Jackrabbit's JCR 2.0 impl ... looks like they DID implement a nice looking Node-level hierarchical authorization scheme. Their wiki discusses the features and pros/cons for the different styles of authZ:
http://wiki.apache.org/jackrabbit/AccessControl?highlight=%28authorization%29

but the API clearly has Resource (Node) based authorization actually implemented in it:
http://jackrabbit.apache.org/api/2.2/org/apache/jackrabbit/api/security/JackrabbitAccessControlList.html

Given that and their nice SVN/CVS like versioning, the 2.0 spec impl looks a lot more attractive that the 1.x impl.

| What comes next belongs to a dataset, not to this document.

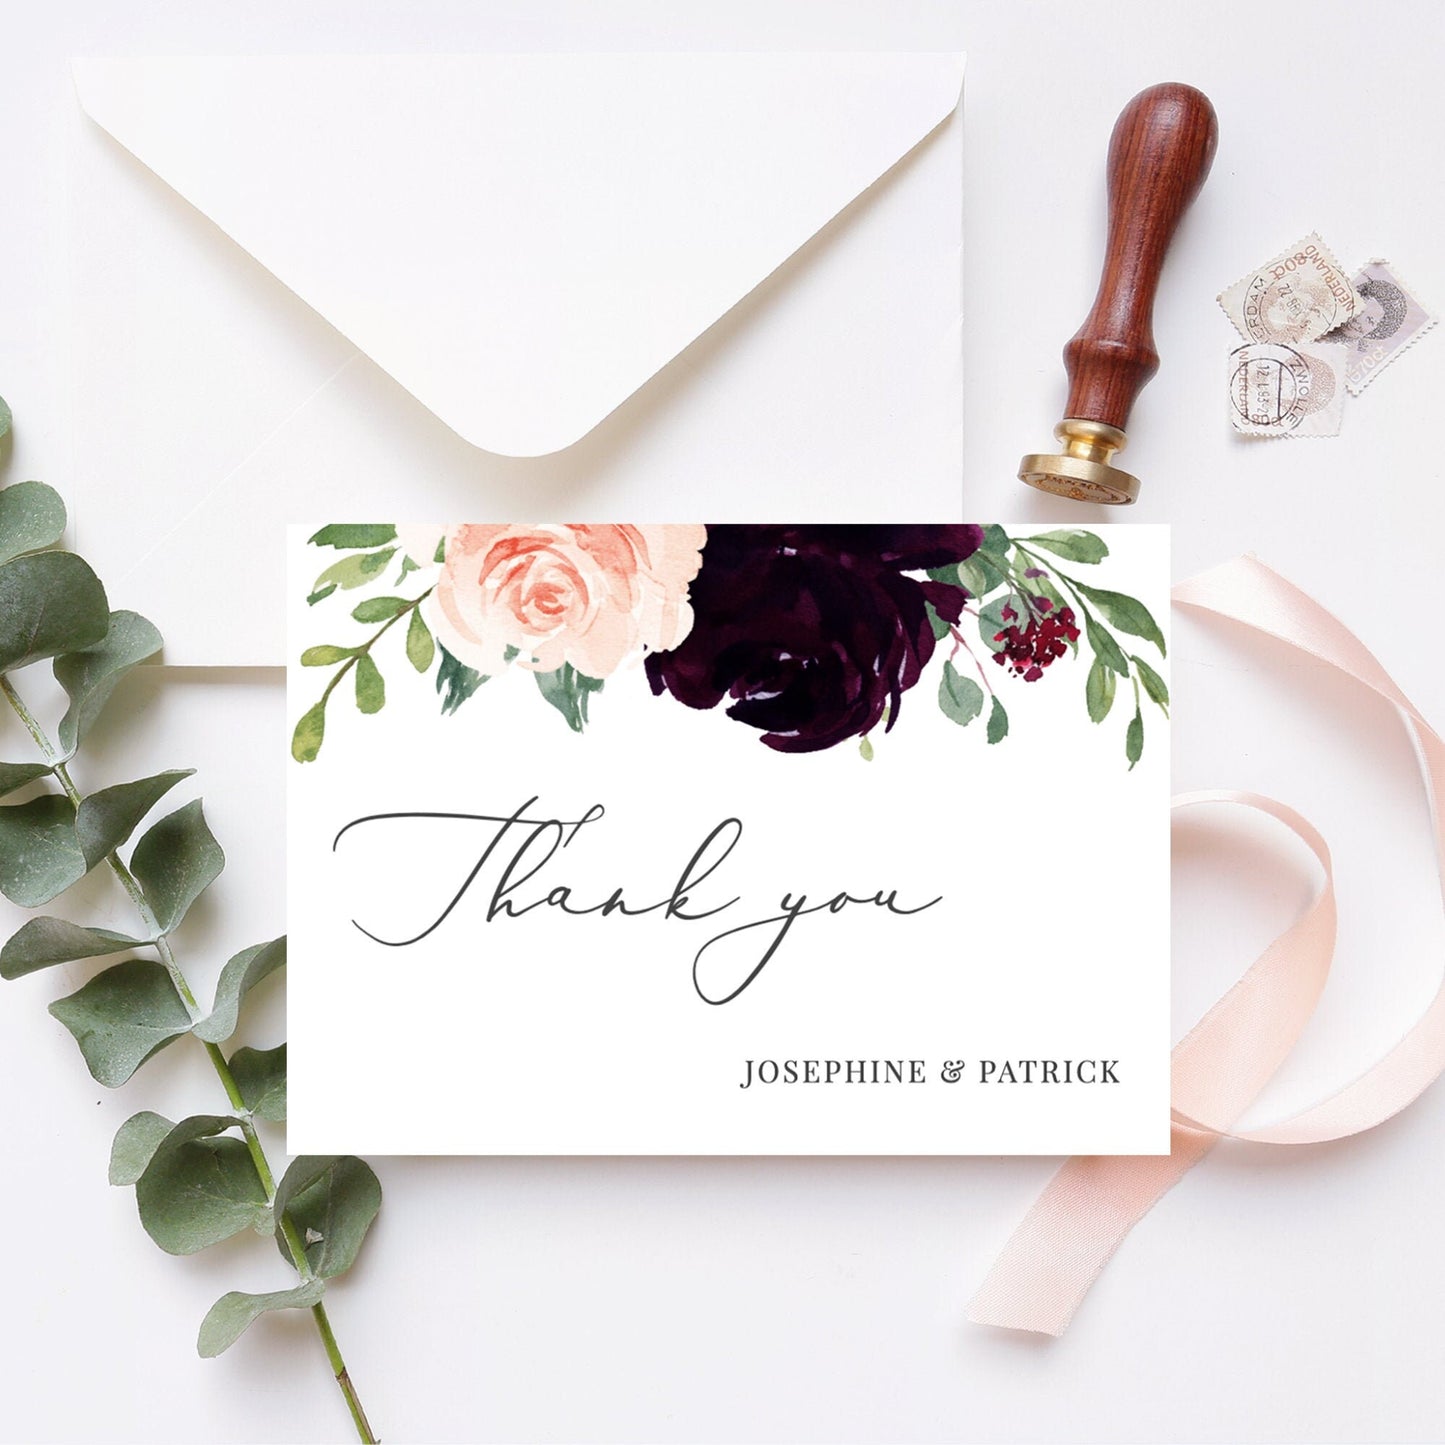 Editable Burgundy Floral Wedding Thank You Cards Cards Personalized Thank You Cards Template
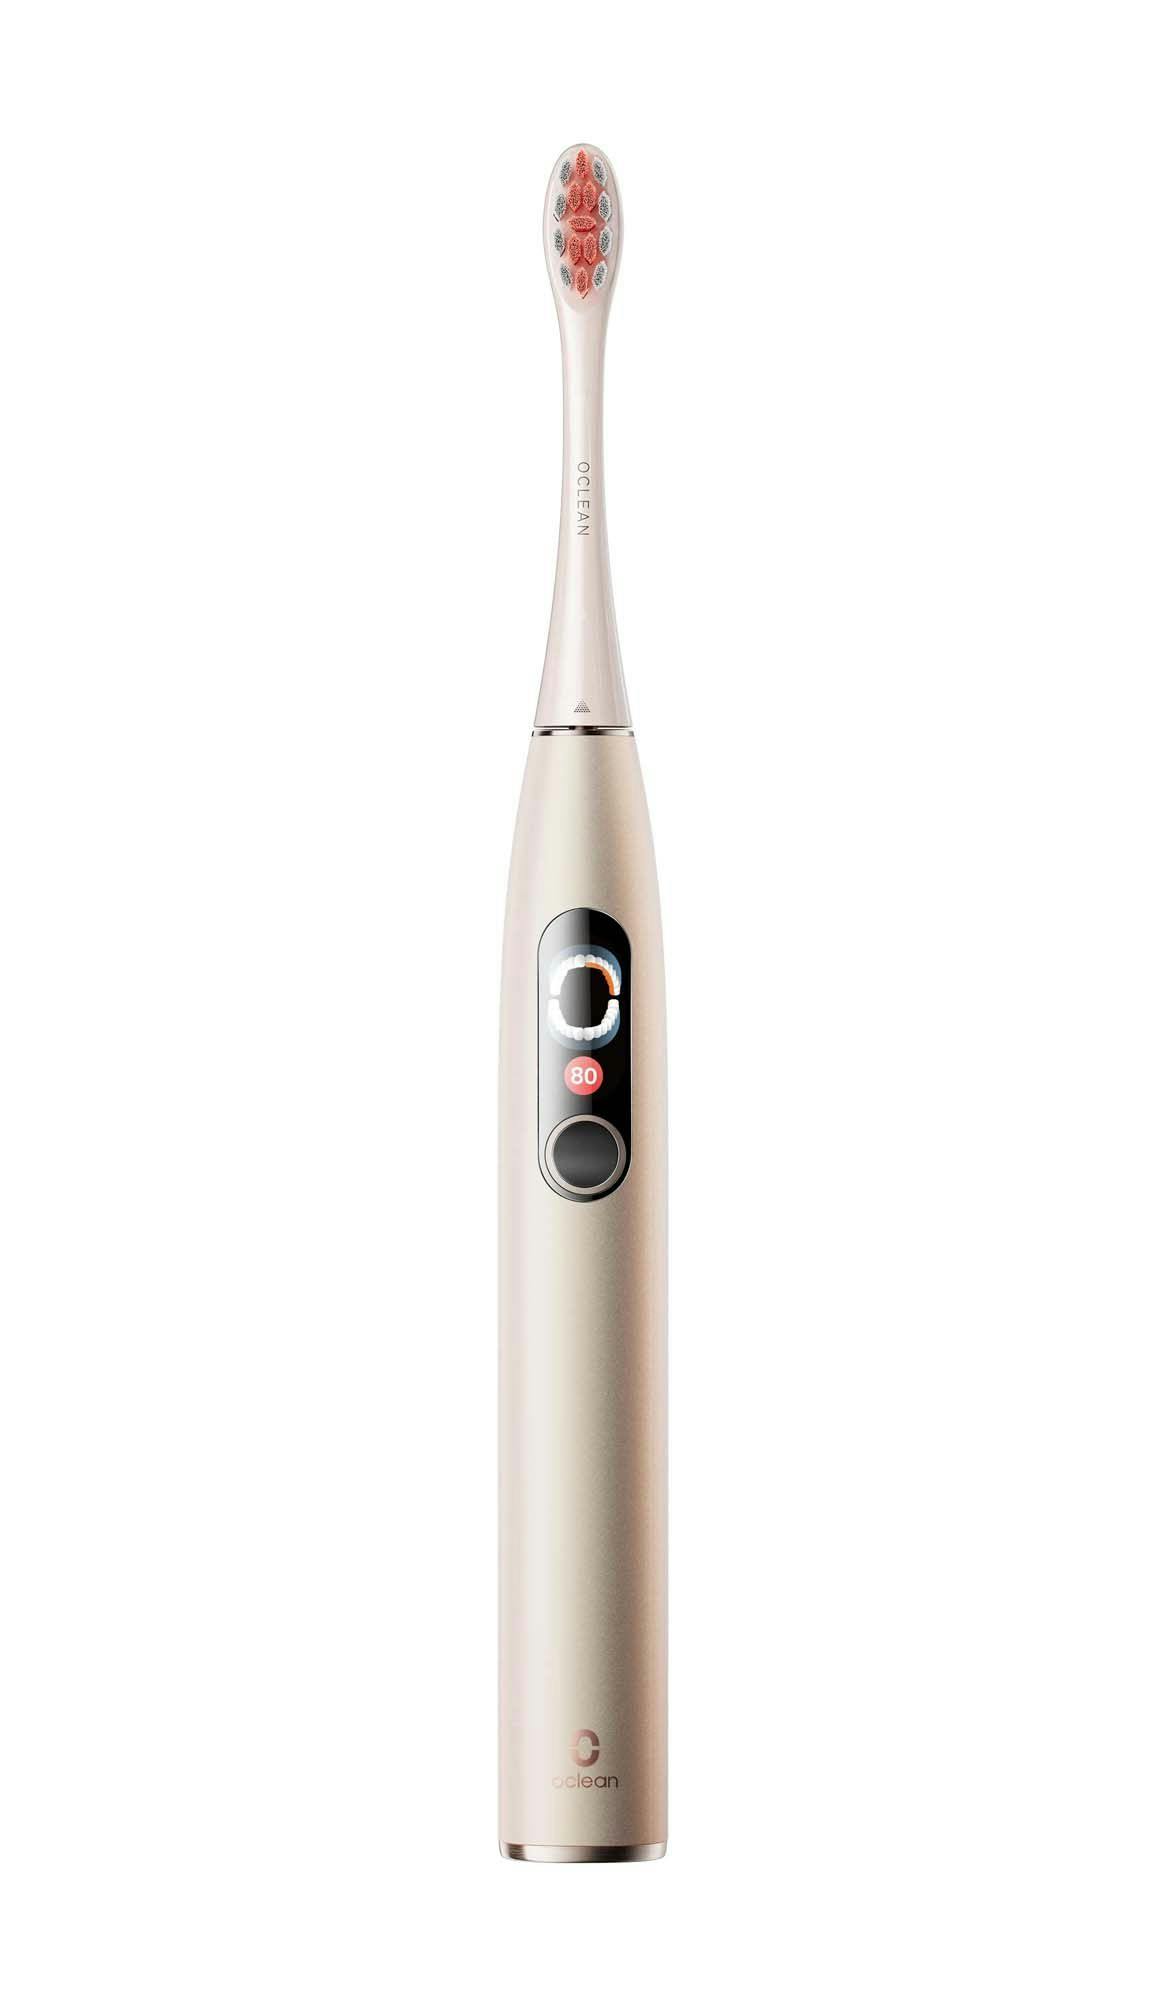 The Oclean X Pro Digital Smart Sonic Toothbrush uses a gyroscope sensor to track 8 areas in real-time brushing behaviors and identify any missed areas to improve user oral health. | Image Credit: © Oclean

YES, by leveraging content nodes to represent this metadata - meta data for users and groups

YES, in version 2 (relatively new) - querying (paginated, sorted, and filtering results based on authorization); unstructured as well as structured queries

YES - support open-source database, e.g. MySQL

YES, via JAAS, for which Crowd has a plug-in - integrate with our authentication mechanism

YES - support concurrent access by users

Nice to have:

YES - automatic indexing for search

Open questions:

- how widely is JCR/jackrabbit adopted?  How widely is the new version 2.0 adopted?

- what competing CR products are there?

- Can you specify a finite list of values (i.e. an "enum") for an attribute, or more generally integrate validation with annotation population?

- are the attributes sufficiently flexible?

- what's a "relative path", a "reference", a "PATH" property type?

- what's an "unstructured node"?

- how does JAAS link to Crowd?

- does JCR support user groups?

Notes:

- There is a Spring template for JCR

Feasibility tasks:

- stress test querying

- exercise SQL-like querying

- integrate authentication and authorization with Crowd via JAAS

Caveats about Jackrabbit/JCR:

JCR v.1 has problems doing joins and with query performance.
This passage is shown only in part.